ALS Ice Bucket Challenge
Remember the ALS Ice Bucket Challenge? It happened right around back to school time, so we decided to go big, the only way to do it, and have the dean of the engineering school do the Challenge publicly at the Lyle Ice Cream Bash back-to-school event for engineers. We built a box that held 40 cubic feet or about 2500 pounds of cold water, and dropped it from 20 feet up on the Director of the Innovation Gym, the Dean of the Lyle School of Engineering, and the Assistant Dean of Recruitment at the end of the Ice Cream Bash. A spectacular way to start the year!
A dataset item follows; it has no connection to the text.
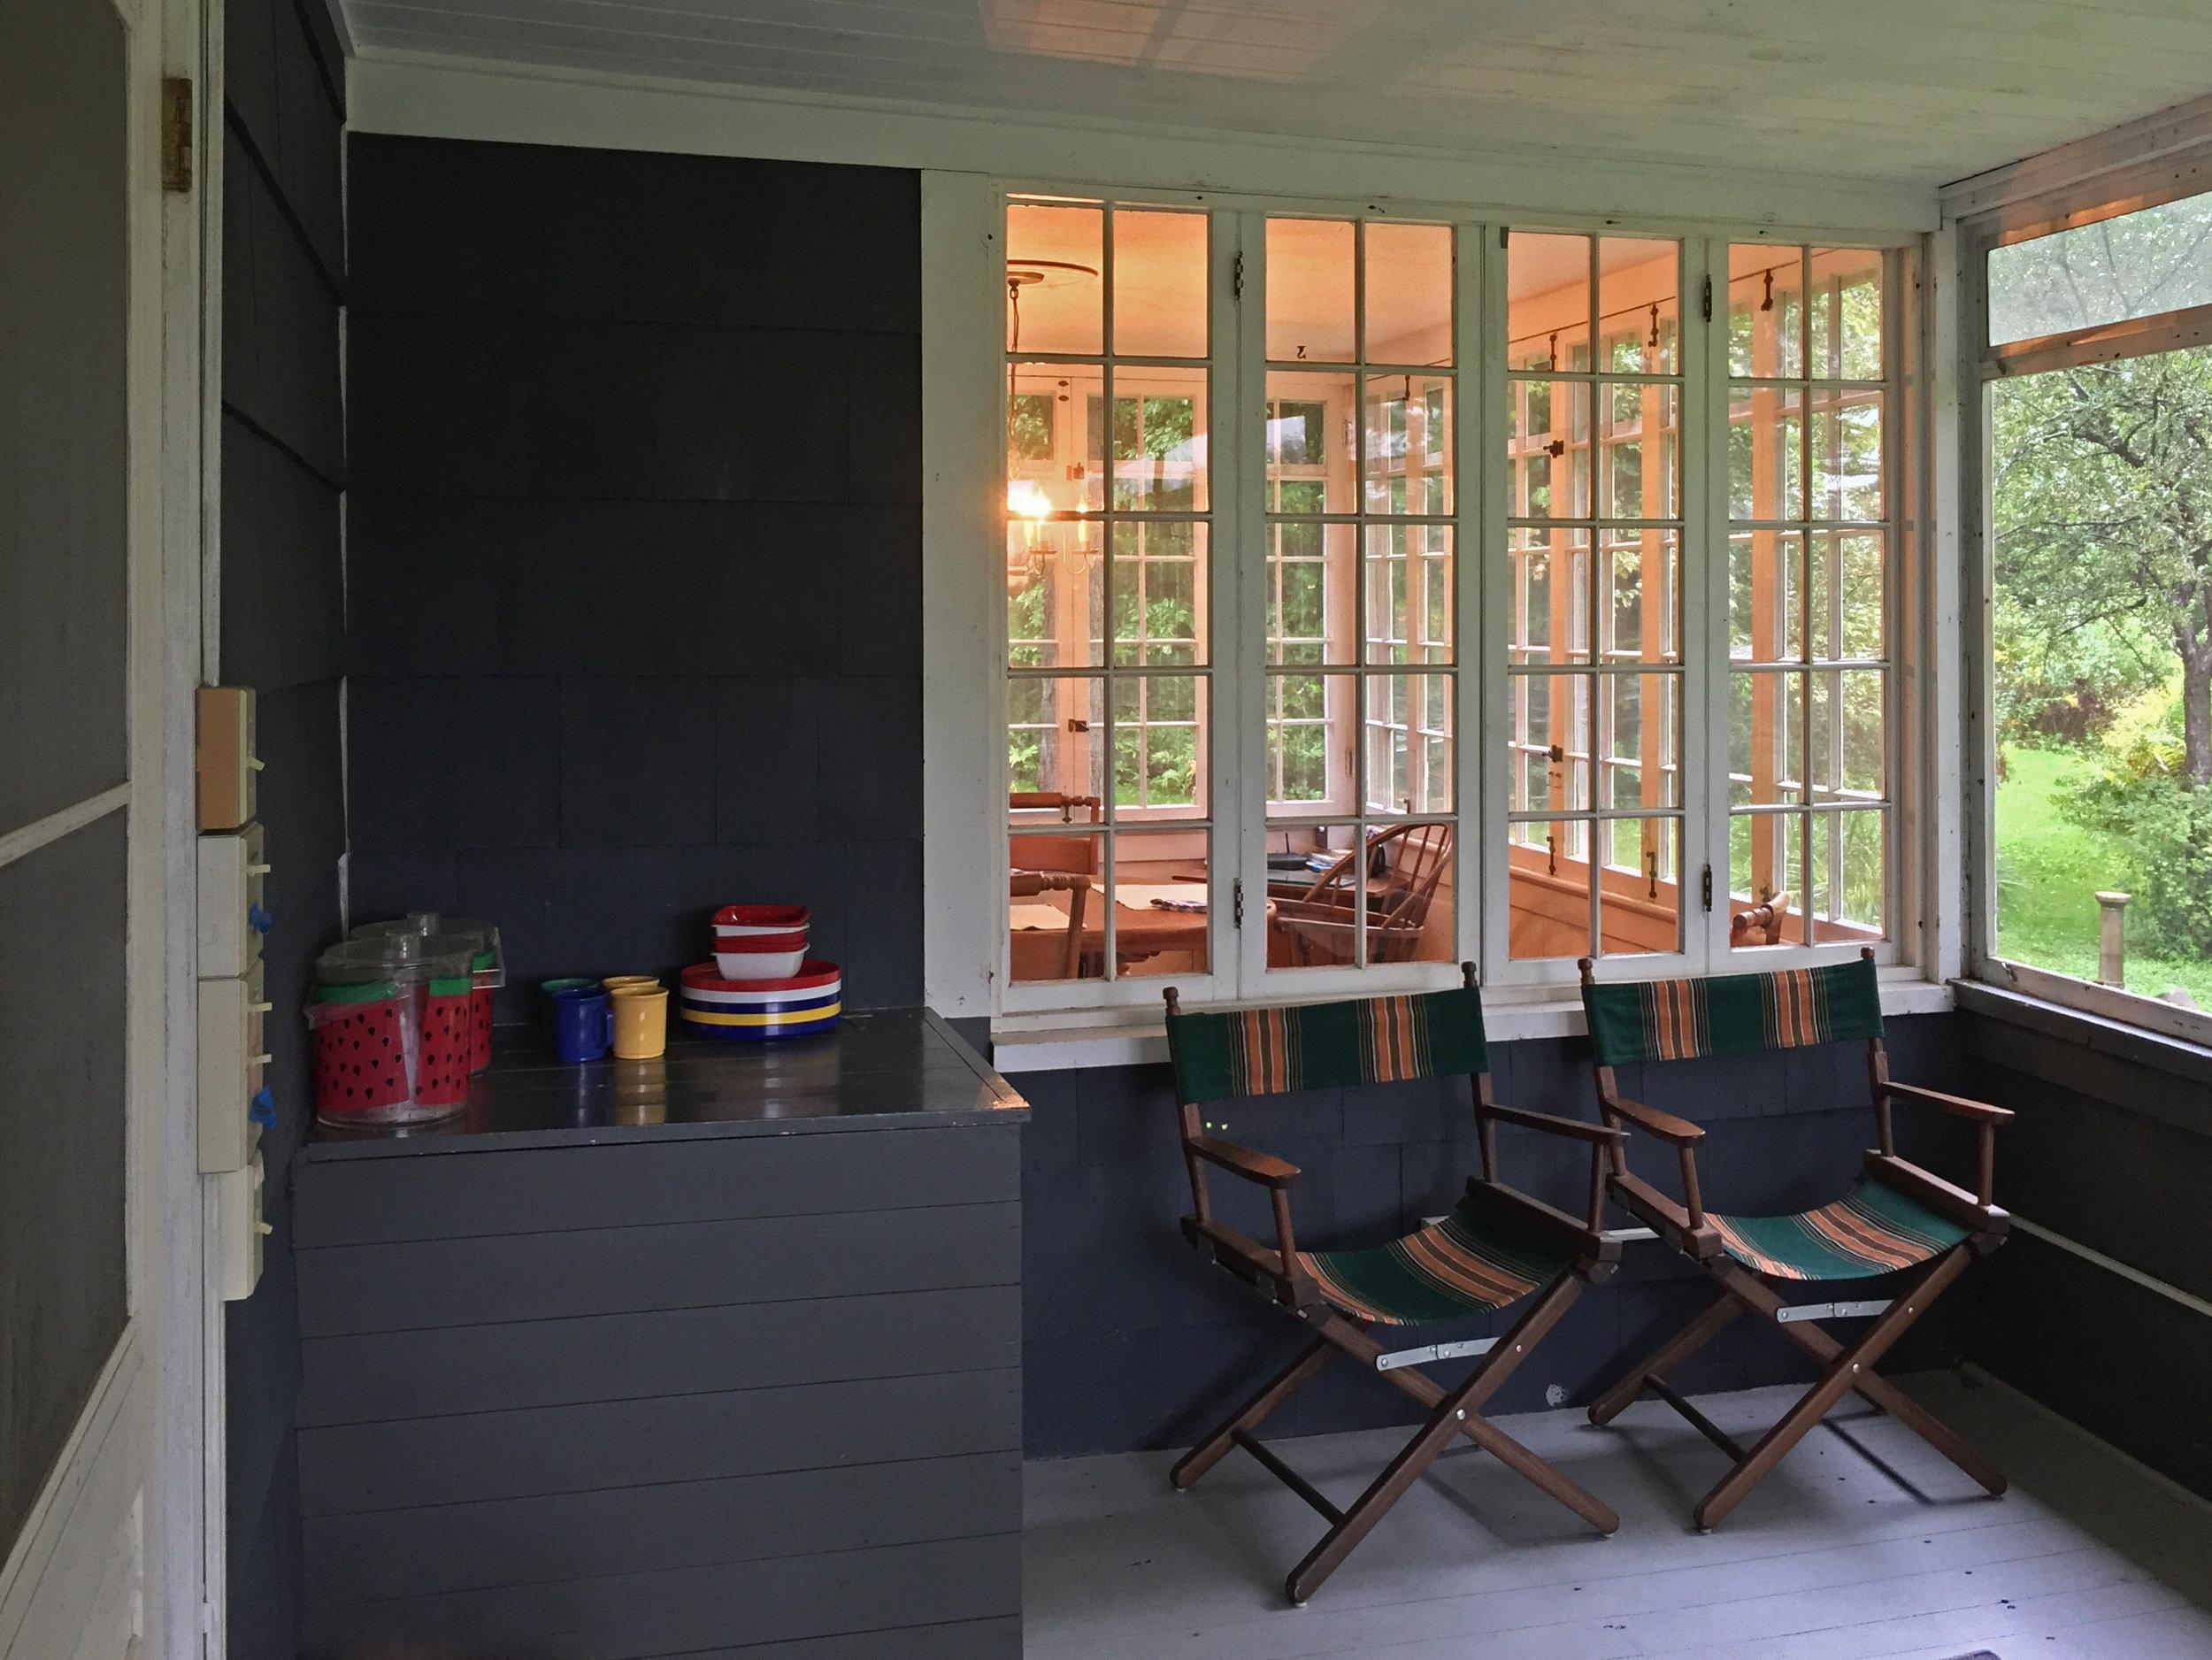 28-Cozy Dining-room light
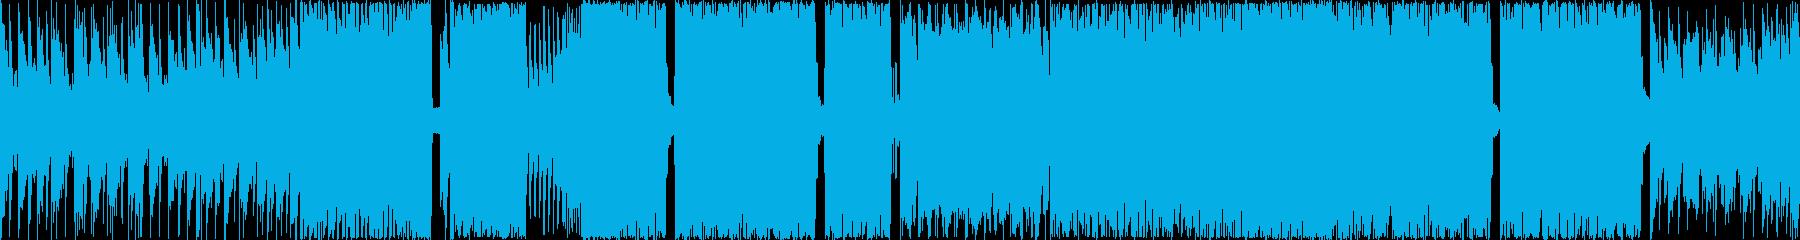 ループ可能な陽気で控えめのスローテンポ曲の再生済みの波形

In collaboration with the US Marine Corps Warfighting Lab through its Commercial Hunter Program, SMU engineers worked on a non-classified project with the intent of finding ways to use commercial off-the-shelf (COTS) technologies in systems that could potentially be used to harm Marines and other soldiers. We focused on specifically unmanned systems, which include aerial, land, and sea-based drones. The use of drones to keep soldiers out of harms way and to allow us to go places humans can't has become popular in warfare in recent years. However, we are not the only ones researching this technology and using it to our advantage. Insurgents and our adversaries have begun to look into low-cost drones that can be used to either counter our drone technology or directly attack us. A growing hobbyist movement behind flying advanced consumer quadcopters and fixed-wing aircraft means more and more unregulated parts become available for purchase. We researched methods that adversaries could most effectively use to do the most damage, and then created an aerial object recognition platform that could be used to identify suspicious aircraft. The idea behind it was that enemies wouldn't be flying the large 50-foot wingspan drones that the US military uses, but they could easily fly a $200 hobby plane with a 5-foot wingspan packed with explosives right into a convoy of American soldiers. They are cheap and dispensable, so we decided to look for small to medium-sized hobby aircraft in our detection algorithms because these would most likely go unidentified by recognition systems the military uses to find larger foreign aircraft. Our system uses an HD CCTV camera mounted on a pan-tilt system. It was trained using a series of reference images with test aircraft and backgrounds in an algorithm written in OpenCV. We were able to use the system to find aircraft flying around in the general proximity and track it when identified. Had we upgraded to a telescopic lens camera, we could definitely increase the detection range of the system. My role in the project was primarily research and documentation. Although I did learn an immense amount about the state of drone technologies and the how computer vision systems work, I did not have the prerequisite knowledge to grasp the advanced computer science concepts used to create the operating system behind drone tracking system.